| YOUR ASSIGNMENT |
Transcribe the data in full and exactly, omitting any pictures.

| INFORMATION SUPPLIED |
::::::::::

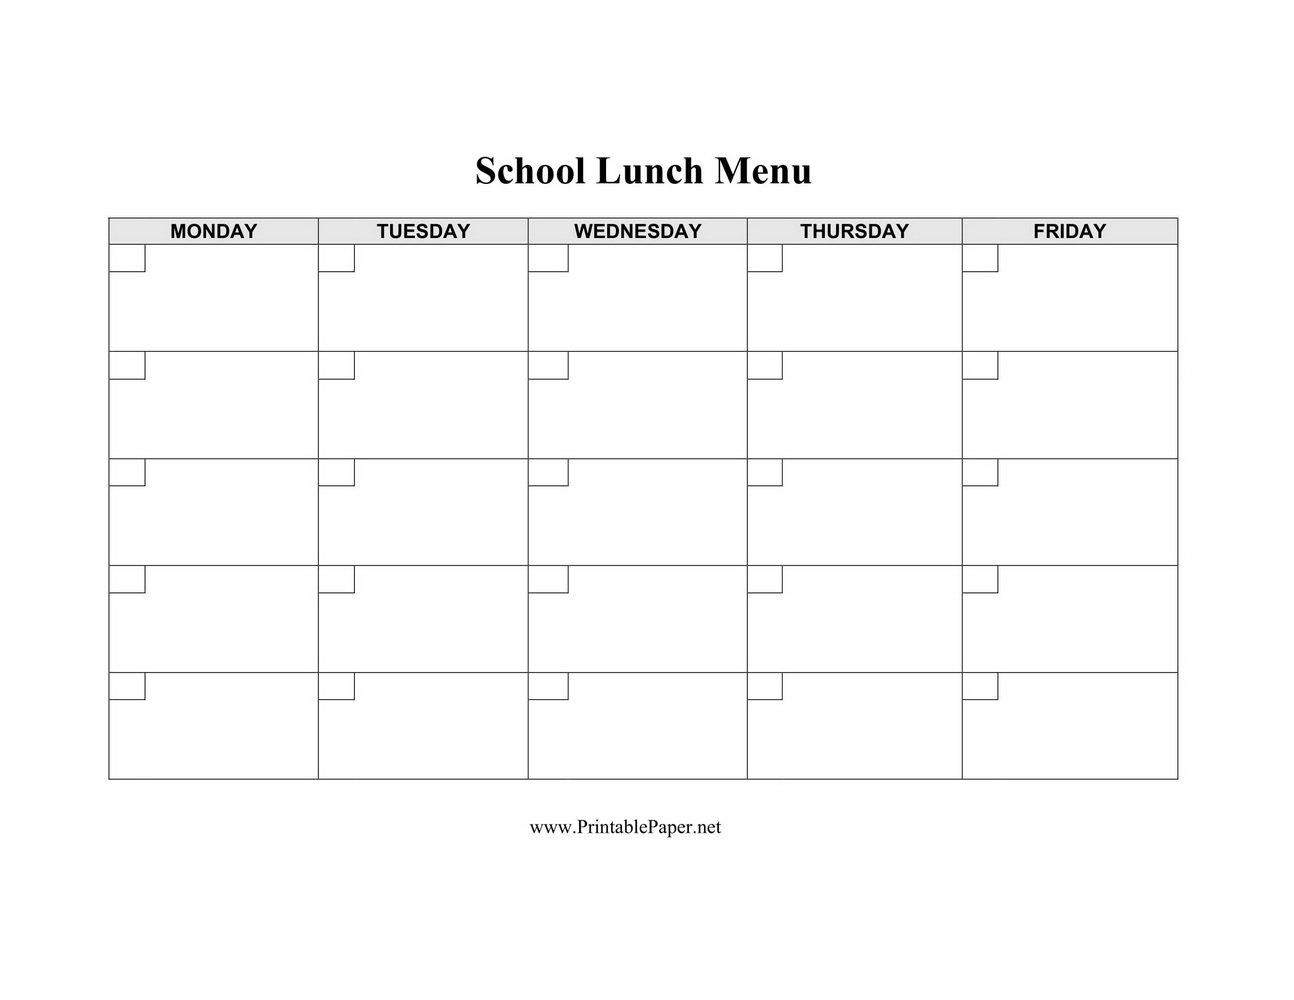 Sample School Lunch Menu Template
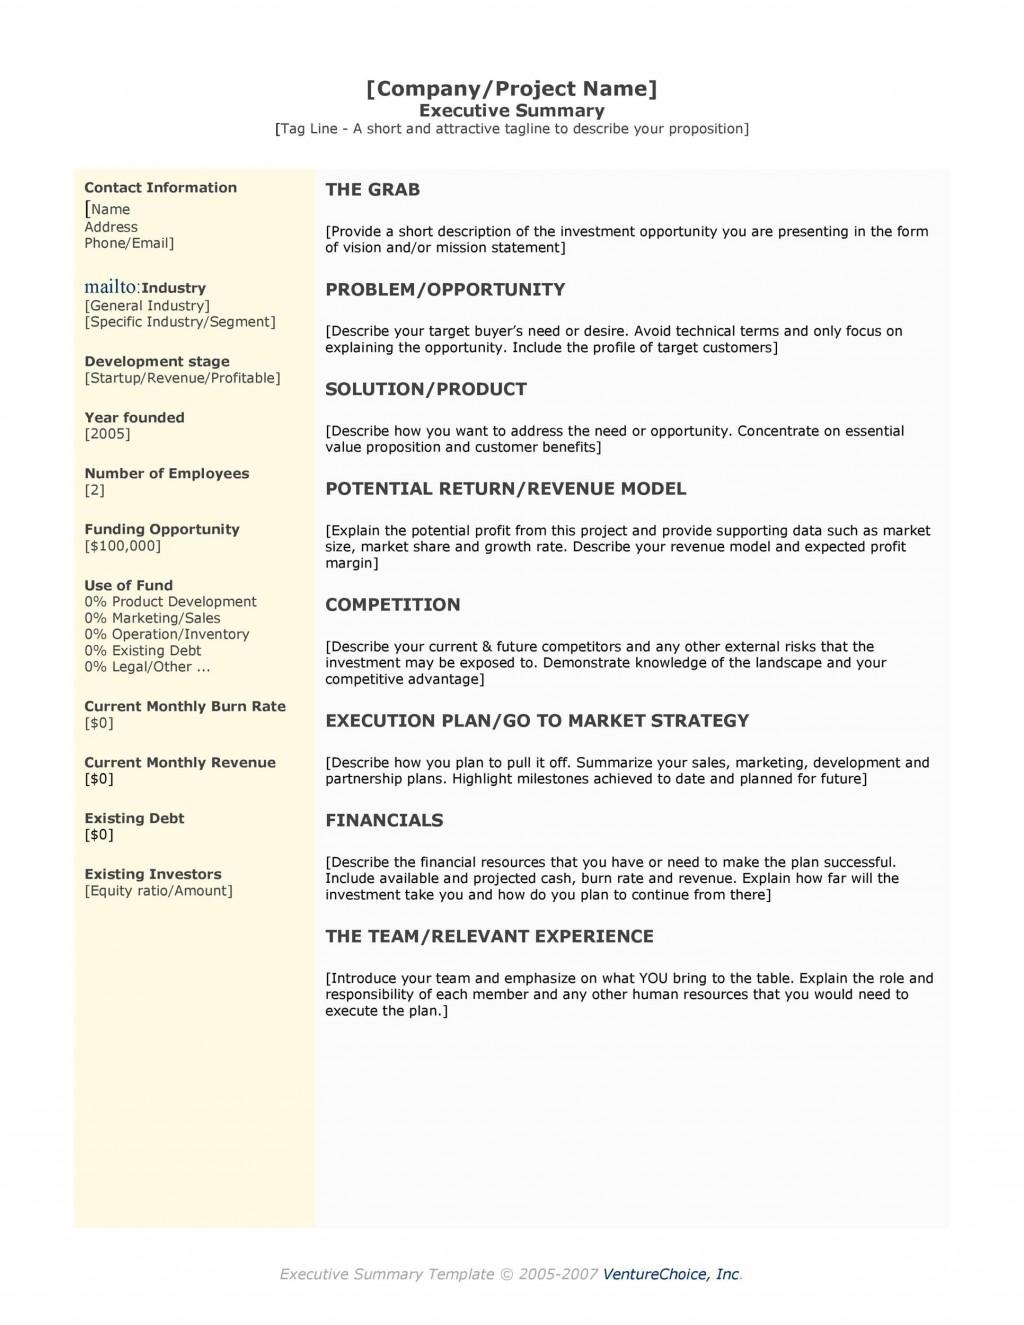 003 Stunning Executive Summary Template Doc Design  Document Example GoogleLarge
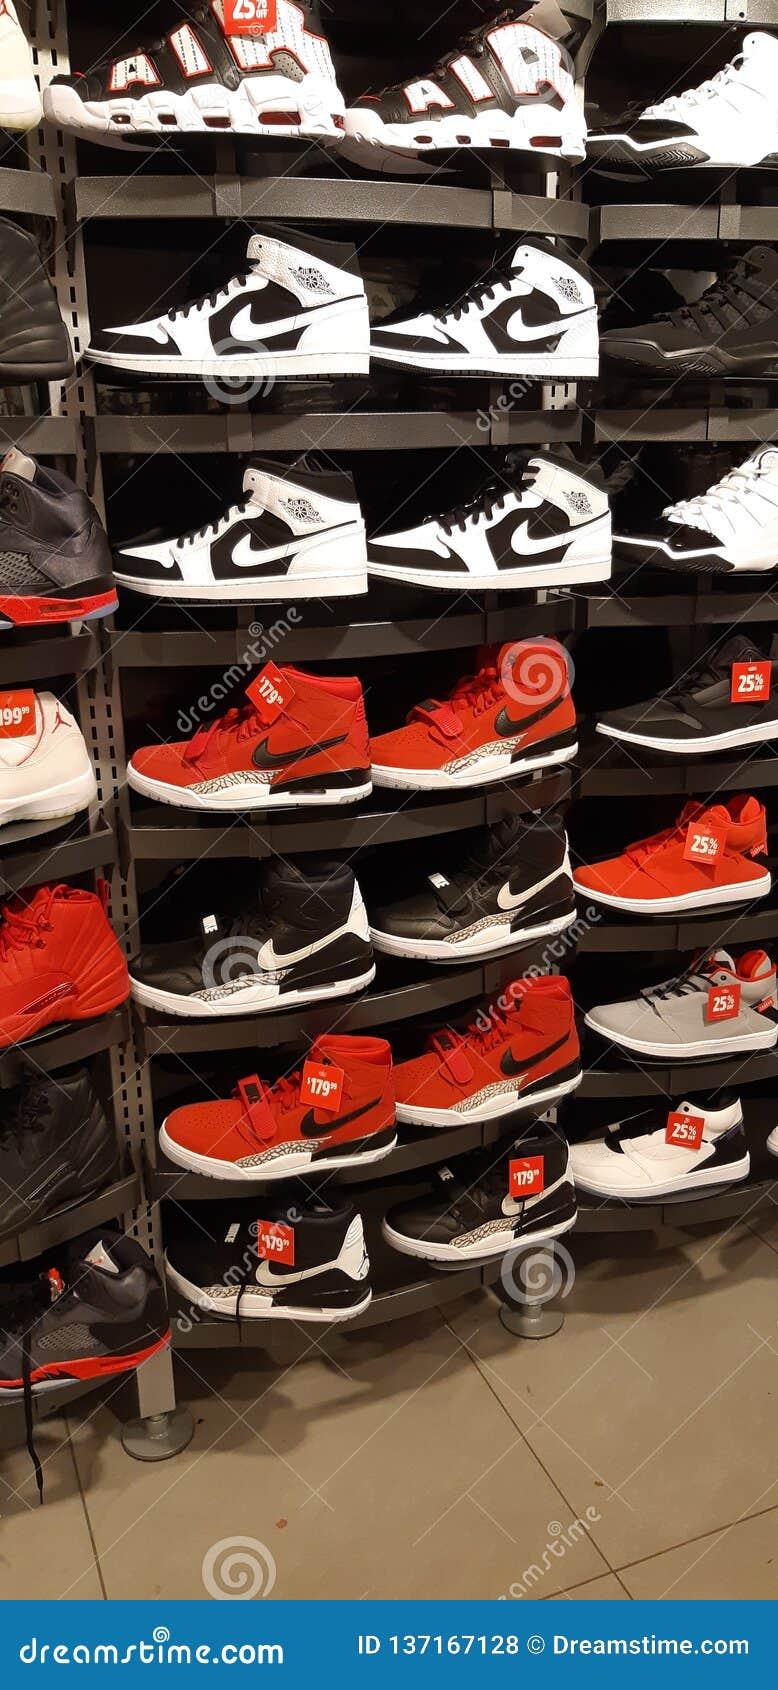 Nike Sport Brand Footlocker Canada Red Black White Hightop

::::::::::

| THE COMPLETED TASK |
 Sample School Lunch Menu Template
 003 Stunning Executive Summary Template Doc Design  Document Example GoogleLarge
 Nike Sport Brand Footlocker Canada Red Black White Hightop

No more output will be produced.